If United makes good on its recent comments,
signaling it won't sign a new contract with Expedia Group when the current one
expires Oct. 1, Expedia CEO Mark Okerstrom would find it "bewildering."
Okerstrom addressed the situation on the company's Q1
earnings call Thursday when an analyst asked about it.
Okerstrom said Expedia has entered into a number of strategic
partnerships with airlines that are bringing value to both parties. For
instance, Expedia is working with American Airlines to reduce customer service
costs on the airline's end, as well as thinking about how Expedia could be more
creative to upsell customers into higher fare classes.
"I just think there's tons of opportunity for us to
create value with United," he said.
If United does leave Expedia Group sites, Okerstrom expects that
Expedia wouldn't see too great of an impact. "No one of our carriers represents more than 1% of our
revenue," he said.
Expedia customers are largely carrier-agnostic, the CEO
said.
"When I look at the value that can be created by
expanding the pie as opposed to focusing on dividing it, for both strategic and
economic reasons I would find it completely bewildering if United decided to
not engage in that discussion," Okerstrom said. "But at the end of
the day they've got to make their choice, and we will just move on."
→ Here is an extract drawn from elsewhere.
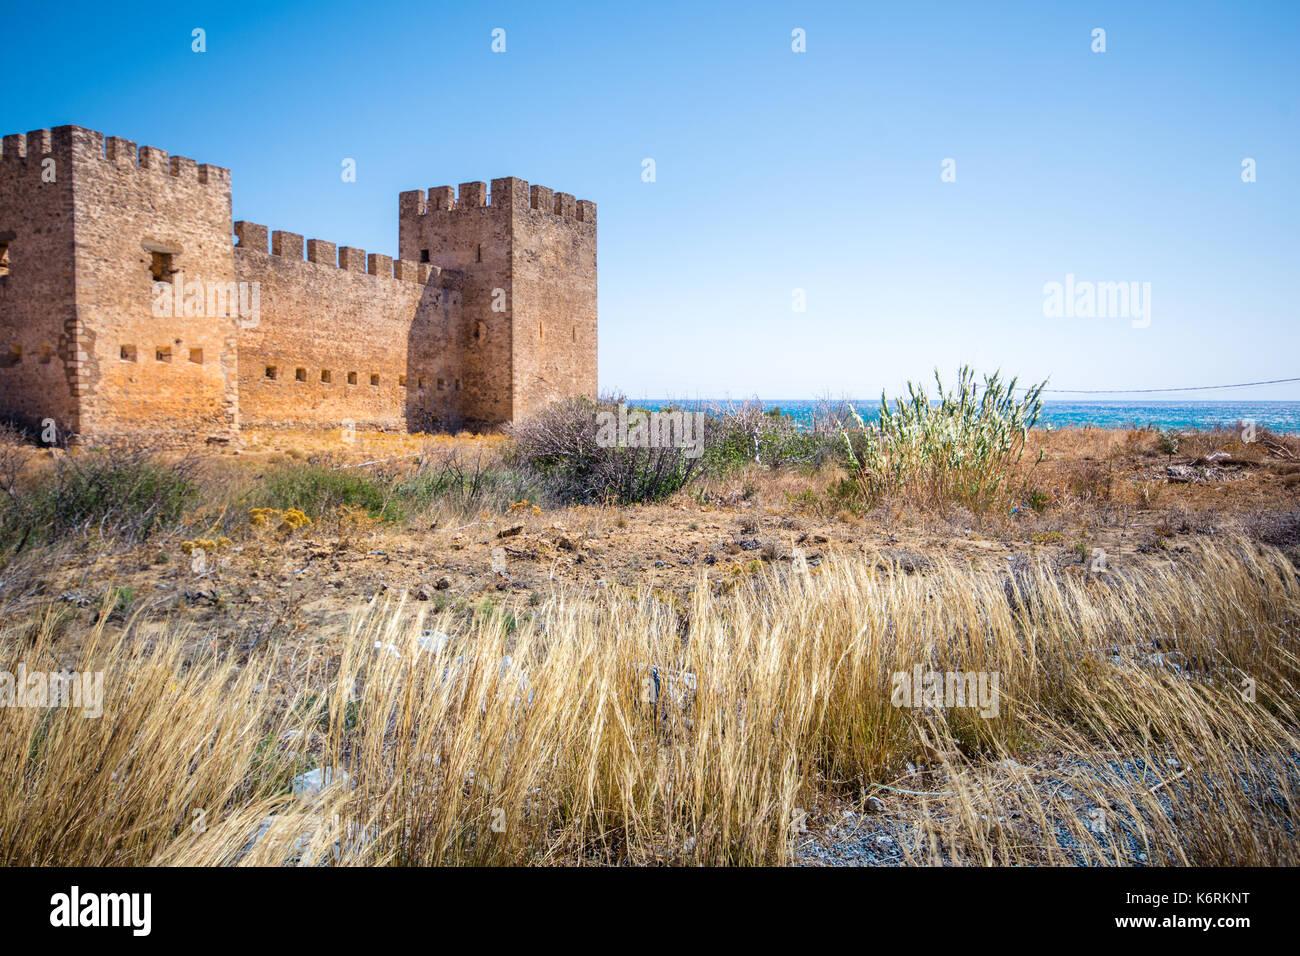 Castle at Frangokastello beach, Crete, Greece - Stock Image

He conjectured that United's competitors would be pleased if
the carrier removes itself from Expedia, "but I think it would be
value-destructive to both of us, and that's not a place where we particularly
want to end up. And I suspect that they really, in their heart of hearts,
don't want to end up there either."
In the first quarter, Expedia reported year-over-year
revenue was up 4% to $2.61 billion. Its net loss was $103 million.